Monday, December 2, 2019

Limits Make Your Christmas Happier


Photo by Vanessa Bucceri on Unsplash



This may sound strange (Or not!  I'm a minimalist, after all.), but the best way I know to make the holidays happier is to create some limits.  Limits are good for several reasons:  they create financial peace of mind, curb materialism in yourself and your children, give you a bit of breathing space amid the bustle and busyness, and force you to choose from among myriad possibilities with thought and care.






You know you're not doing your child any favors by over-indulging her.  How difficult will life be if she always expects to have her own way and get everything she wants when she wants it?  Helping her to understand and appreciate limits is one of the best things you can teach your child.  And putting limits on yourself is one of the best ways you can teach it.
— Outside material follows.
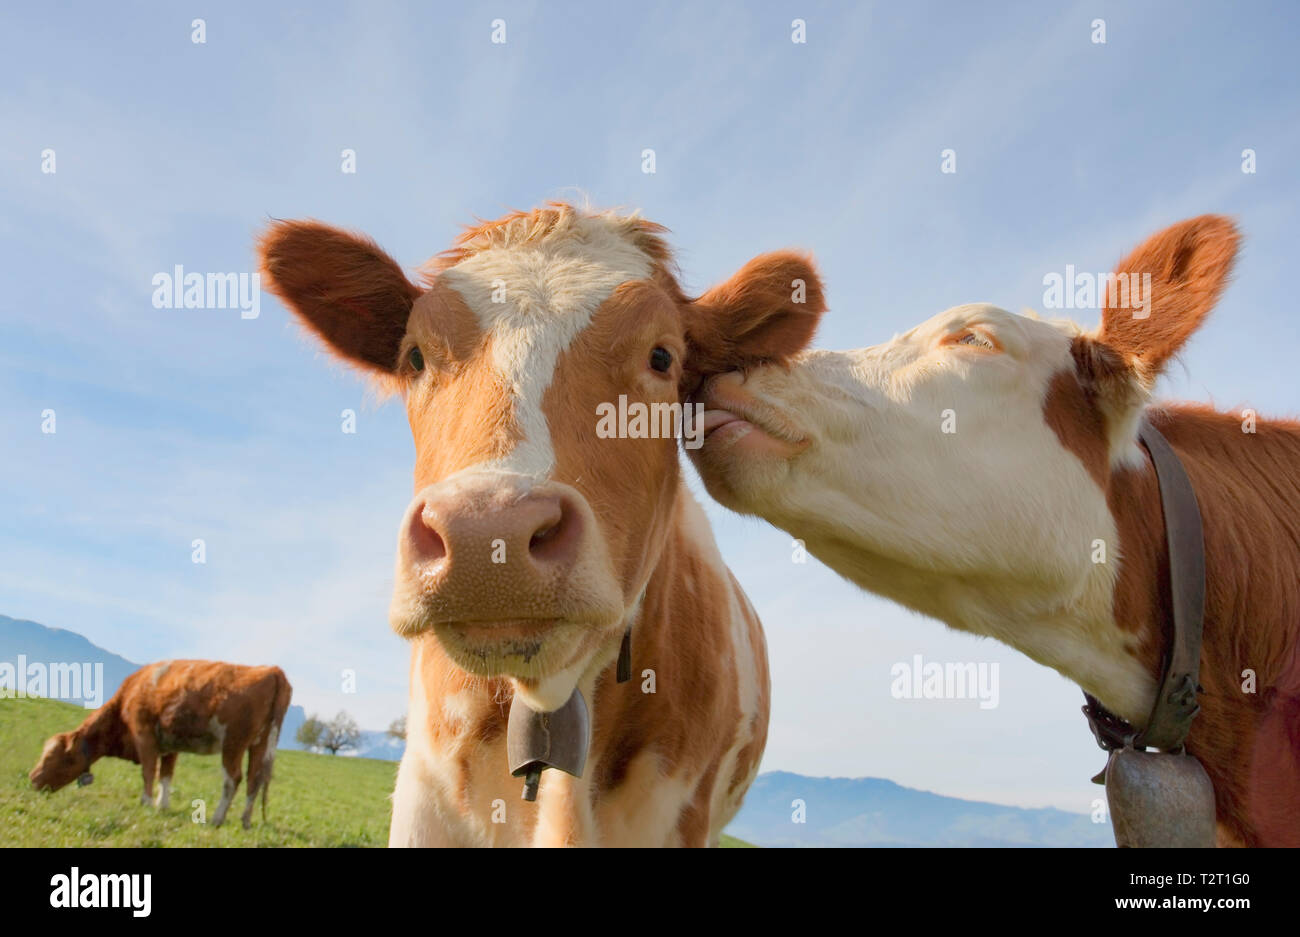 A cow giving affection to another Stock Photo

Ask yourself why you are tempted to buy so many gifts for your child (or for others).  Here are several possible answers:


1.  "Because I love him."
Of course you do.  I totally get that.  But giving gifts is only one way to show love, and it may not be the way that is most effective.  Do you want your child to know for sure that you love him?


  • Turn off your computer and your phone and spend uninterrupted time with him.
  • Take time to teach him how to cook or garden, or anything else you're good at.
  • Ask him about his hopes and dreams, and listen when he tells you.
  • Look him in the eye and tell him why you love him.
  • Make the effort to do something with him that he enjoys, whether that means listening to his music, watching the movie he chooses, or shooting some hoops even when it's cold outside.
Let's be honest -- buying something for our kids is easy and fun for us.  That's at least part of why we do it.


2.  "Because I want to make memories."
When I rack my brain, I can remember three or four gifts my parents gave me.  What I remember far more clearly are our day-to-day activities and our holiday traditions.  Things like walking with my dad to the park or the library, doing paper crafts with my mom, making Christmas ornaments with felt and sequins and lots of glue, watching "Rudolph the Red-Nosed Reindeer" on TV, going to the snow (I grew up near San Francisco, and snow was a rare novelty).

Your child will remember forever the things you do with her, in most cases much longer than the things you give her.  Don't rely on gifts to make memories for your family.


3.  "Because I want to be a cool parent so he'll like me."
That's honest.  I love it when my grandson thinks I'm the best grandma ever.  I love it when my grown kids appreciate me.  And sometimes a gift we give fosters that.  But it doesn't last.  Go back and read the "because I love him" section if you need to, because real connection can't be bought in a store.  It takes more effort than that.


4.  "Because everyone else I know bought X for their kids." 
Yep, peer pressure works on adults too.  But how can you make a difference in the world if you behave just like it?  How can you help your child resist peer pressure if you're in thrall to it too?  Social awareness is important, but if you try to live your life according to other people's standards, you'll never really be happy. 


5.  "Because it's Christmas, and I want it to be special."
I believe we covered this in the "I want to make memories" section.


One Christmas when I was about ten, our family was going to host my mom's three brothers and their families.  My mom sewed little Christmas stockings for each of my ten cousins.  Then my siblings and I were given some money and sent to Woolworth's to buy gifts to put in them.

We had to be careful and thoughtful about what we bought with the money we had, so we'd have enough for everyone.  A mixture of Matchbox cars, Barbie outfits, bottles of bubbles, decks of cards, balsa airplanes, Hershey's Kisses, and penny candy filled those stockings.  We had more fun doing this than they ever got out of receiving our token gifts.

On Christmas evening, our group of 13 kids went caroling around our neighborhood.  Because there were so many of us, we felt confident enough to go to the "mean" man's door (we were afraid of his Dobermans).  He and his wife liked our singing so much they clapped!  And we decided he wasn't mean after all.

It was the most fun Christmas I remember growing up.  I have no idea what gifts I received that year -- I just remember preparing gifts for others and having fun playing and visiting with them.

That's how you make Christmas special.  You stop thinking about yourself and think about others more.  You get out of your comfort zone and broaden your mind.  You stop doing some things you've "always done" and try something new.  You teach your kids the value of sharing, of delayed gratification, and the reality that we don't get everything we think we want, but we can still be happy.